On a sunny day in February, I visit Colleen at her backyard studio in north Bozeman. The space is cute, cozy, and slightly cluttered. It can’t be much larger than a 16’ x 18’ storage shed, but Tretter has five sewing machines set up. Storage bins stack high against the wall, filled with leather, webbing, buckles, and other materials. I count eight pairs of scissors on the table and see two tents on the ground. At her workstation, she has a down jacket under the needle with three more articles of clothing on deck. Above her hangs a sign that reads, “Just stitchin’… no bitchin’.”
The chaos, it seems, is part of the charm.
She fills me in on her past—this room is where she’s served customers for years—but admits that she feels a bit phony for having me over. “This Sitka thing is great,” she says. “But it’s made me less available to the public.” She explains that Bozeman’s changing culture shifted her mindset. “I’ve always enjoyed working with companies, because my goal from the get-go was to reduce waste (hence, the Green Darner) and my efforts seem to be more effective at a larger scale.” But that’s not everything. As Bozeman grew bigger, so did demand. Colleen noticed an uptick in dealing with difficult people; people that want it done perfect and want it done yesterday. That, combined with the incentive of a stable income, was enough to switch gears. After she settled on a deal with Sitka, she took down her website and even changed her phone number. I kid her about being a sellout.

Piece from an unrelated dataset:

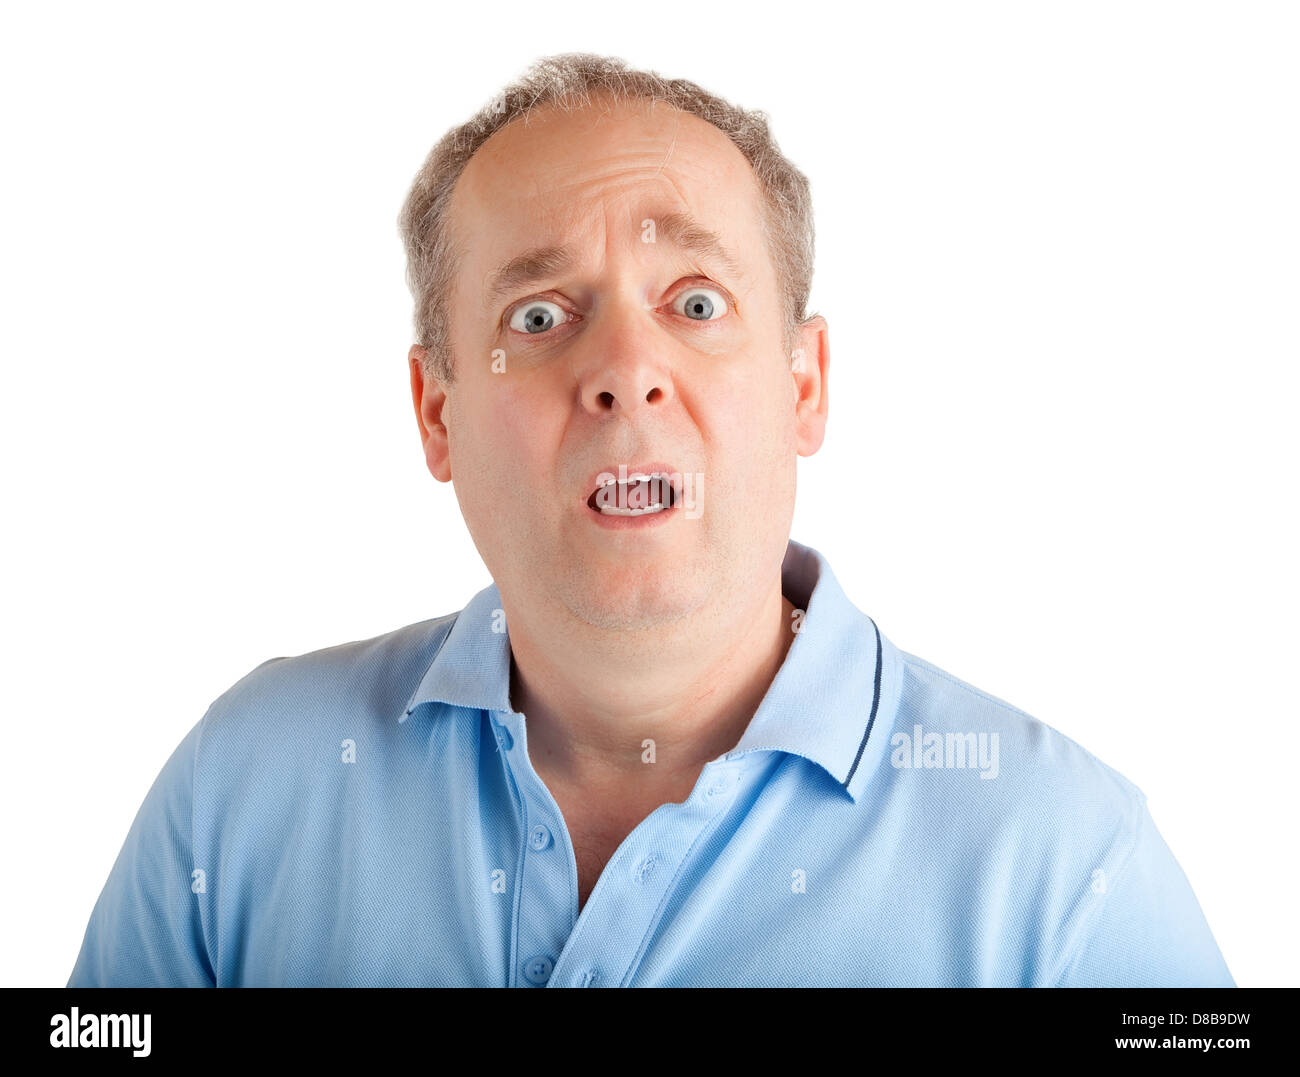 A man appears to be surprised about something. Stock Photo

“The thing about being a sellout,” she says, chuckling, “is that I didn’t know if I would be able to afford to stay in Bozeman.” But the other thing she points out is that working exclusively for a company allows her a stronger voice to encourage manufacturers to make products more sustainable—something that’s shaped her values since day one. “Still,” she says. “I feel like I’m letting people down.”
Her contract with Sitka is set to last through April. Whether she will renew or let it expire remains to be seen. Colleen currently spends around 35 hours per week in the hunting shop’s warranty department, but still devotes a great deal of time to sewing for others. She still sacrifices many a ski day and fishing trip to help repair gear for friends and others in the community. Recently, she even gave one of her sewing machines away to a stranger just because he told her that he wanted to learn to sew.
Does that sound like a sellout? Perhaps some think so, but it’s likely that there are many more who think the opposite, who feel gratitude for her “showing up” all those years, keeping their gear functional and out of the landfill, and can only hope that one day, the Green Darner comes back.